Marta se entretiene con el teléfono tratando se abstraerse del pequeño infierno que ha desatado su madre. Está harta de su marido, dice; de los ruidos constantes en el motor, del sol que se cuela por el parabrisas, de la vida… Está harta de todo. "Déjalo ya, mamá", quiere decir cuando levanta la cabeza y ve el morro de un imponente BMW abalanzándose sobre ellos. Mariano da un golpe de volante tratando de escapar a la embestida, Mercedes se calla de repente y Marta intenta gritar pero ya no le da tiempo. El estallido metálico es aterrador y todo se apaga en un instante.

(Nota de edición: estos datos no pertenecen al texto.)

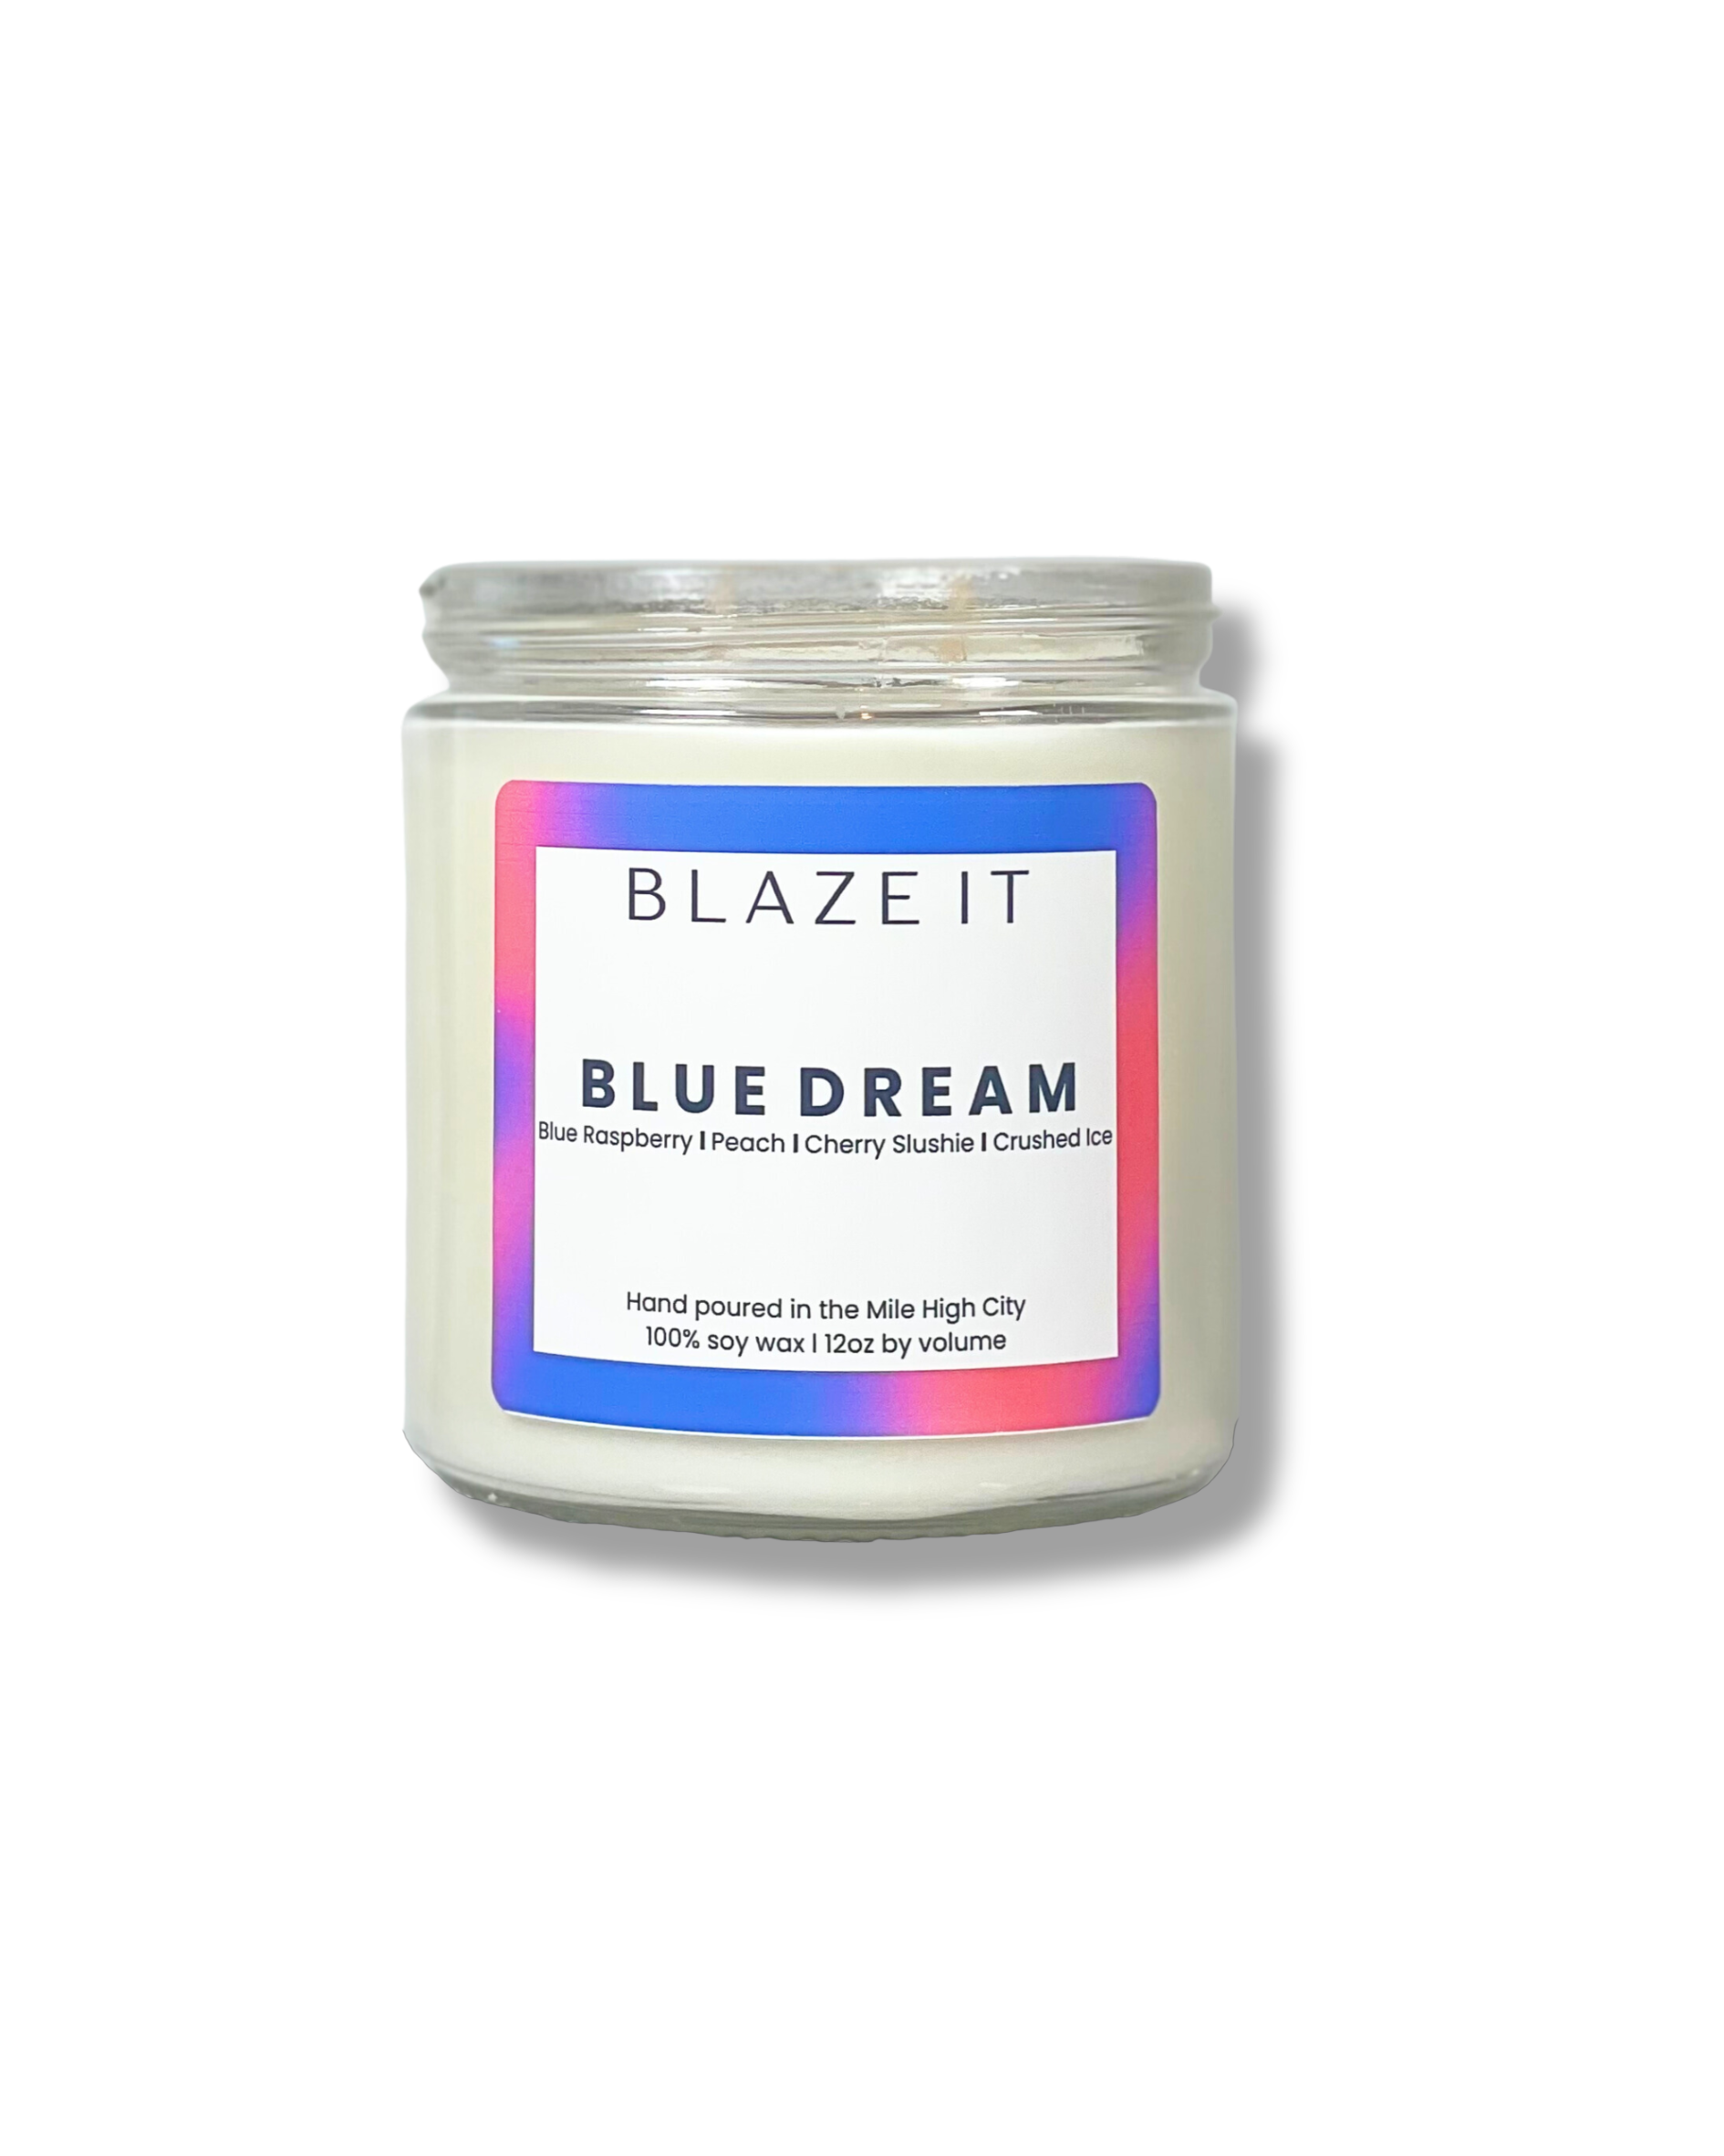 Blue Dream candle - Blaze it Candle co

Cuando Julián cuelga el teléfono, el cigarrillo se le ha consumido entre los dedos. Quiere echar a correr, quiere gritar, llorar, quiere coger su viejo bate de béisbol y reventar la casa pero no hace nada. Lucas juega en la alfombra del salón. Mezcla plastilina de todos los colores en un pegote amorfo y lo muestra a su tío buscando la aprobación del adulto, orgulloso como si acabara de descubrir la cura contra el cáncer o lo que sea que sueña descubrir un niño de cuatro años. Julián se sienta en el sofá y enciende otro cigarrillo. Lucas se incorpora y ofrece la masa estampada a su tío, generoso. Los dos sonríen, ninguno entiende nada.